И прочел вышеприведенную цитату из статьи Богучарского о поэтической-крепостнической старине лучинушки.
Михайловский возмущенно воскликнул:
— Да не может быть!
Н. Ф. Анненский поддержал Якубовича:
— Да, да, я помню эту статейку,— меня тогда тоже поразило обвинение Глеба Успенского в крепостничестве, я даже выписку себе сделал тогда.
И вот Михайловский взял у Якубовича его выписку из статьи Богучарского и по одной этой выписке, не заглянув в самого Богучарского, написал свою громовую статью. Как мог попасть в такой просак опытный журналист, с сорока годами журнальной работы за плечами? Единственное объяснение: марксистов он считал таким гнусным народом, относительно которого можно верить всему.
Но что должен был испытать бедный Якубович, восторженно любивший Михайловского, когда получил мое письмо и убедился, как он подвел его! С каким лицом должен он был явиться к нему! Рассказывали, что от огорчения Якубович тяжело заболел нервно.
Через несколько дней в московской газете ‘Русские ведомости’ появилось письмо в редакцию Михайловского под заглавием ‘Мой промах’. ‘Как и почему произошел этот промах,— писал Михайловский,— рассказывать не буду’ но долгом считаю покаяться в нем так же публично, как публично был он совершен’. Рассказав о несправедливых своих обвинениях, предъявленных Богучарскому, Михайловский в заключение писал: ‘Вот моя вина, в которой я каюсь, и прошу прощения как у г.
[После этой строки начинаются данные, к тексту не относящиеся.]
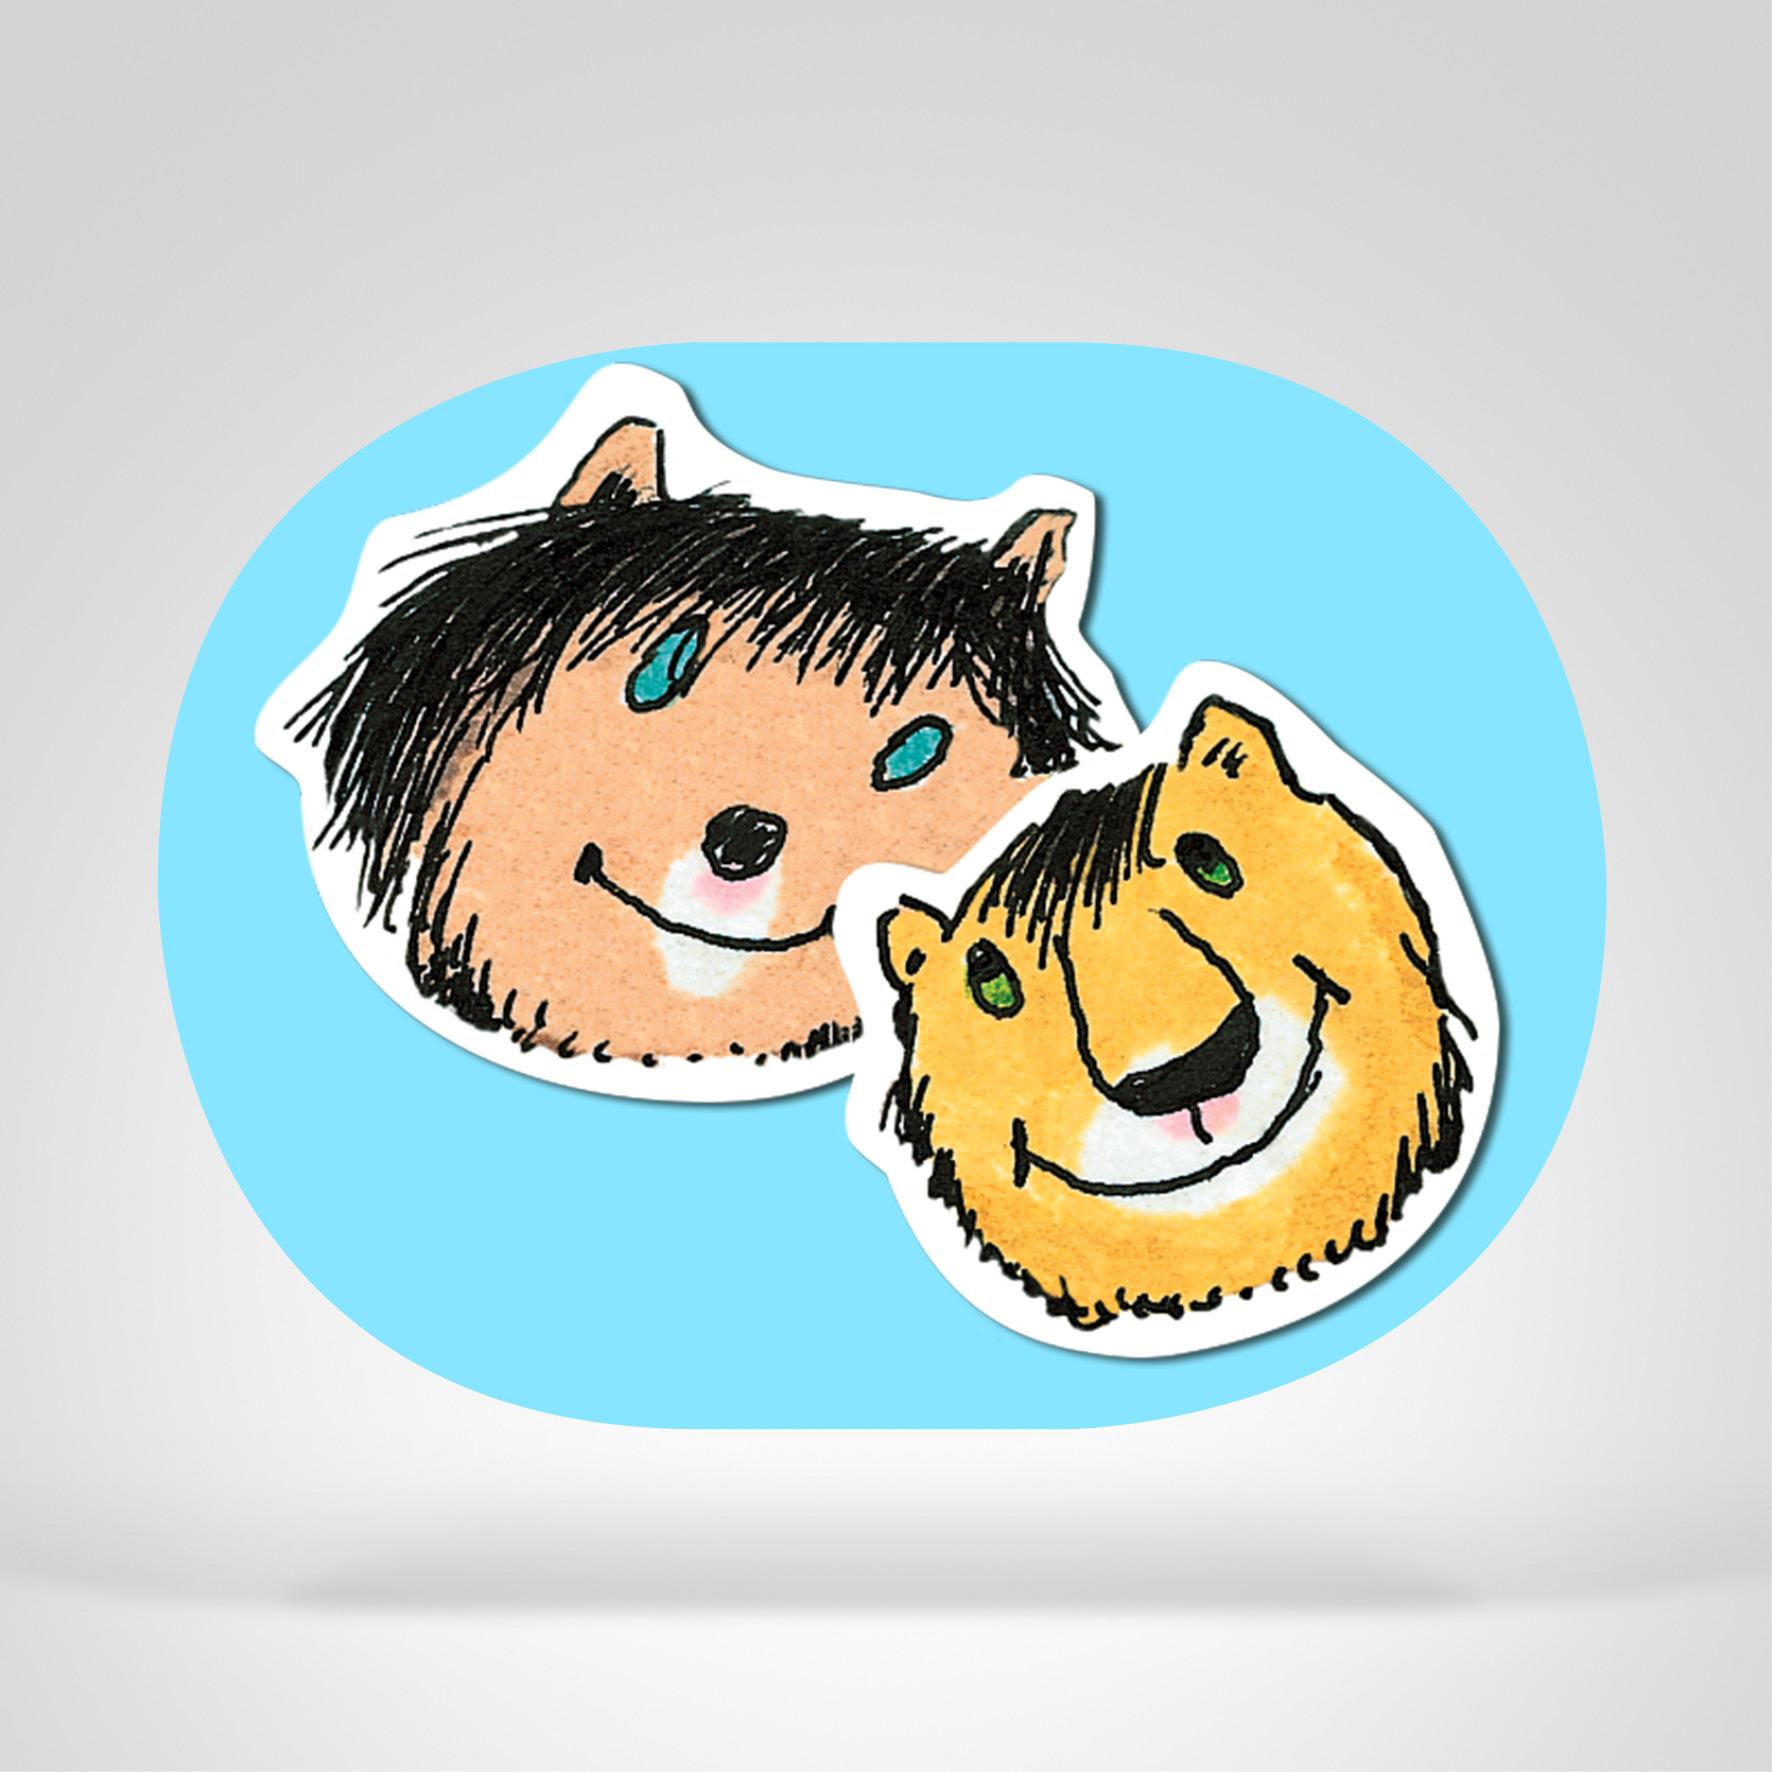 Janosch Stickerpack, Icon-Abbildung

Богучарского, так и у всех, кого ввел в заблуждение’. И прибавлял, что, отказываясь от обвинения Богучарского в намеренном извращении Успенского, тем сильнее настаивает на том, что Богучарский не понял Успенского. Хорошее было письмо, благородное,— казалось бы, благородством самым элементарным,— но, как и оно, исключительно-редко в журнальных нравах!
В следующей книжке ‘Русского богатства’ Михайловский перепечатал письмо в ‘Русские ведомости’ и, кроме того, содержание его развил в целую статью под тем же заглавием: ‘Мой промах’.
Свои ‘Записки врача’ я из редакции ‘Русского богатства’ взял. На этом окончились навсегда мои сношения с ‘Русским богатством’.
Года минули, страсти улеглись…
В 1914 году, в десятилетнюю годовщину смерти Михайловского, вот что писал о нем В. И. Ленин:
‘Михайловский был одним из лучших представителей и выразителей взглядов русской буржуазной демократии в последней трети прошлого века. Крестьянская масса, которая является в России единственным серьезным и массовым (не считая городской мелкой буржуазии) носителем буржуазно-демократических идей, тогда еще спала глубоким сном. Лучшие люди из ее среды и люди полные симпатий к ее тяжелому положению, так называемые разночинцы — главным образом, учащаяся молодежь, учителя и другие представители интеллигенции — старались просветить и разбудить спящие крестьянские массы.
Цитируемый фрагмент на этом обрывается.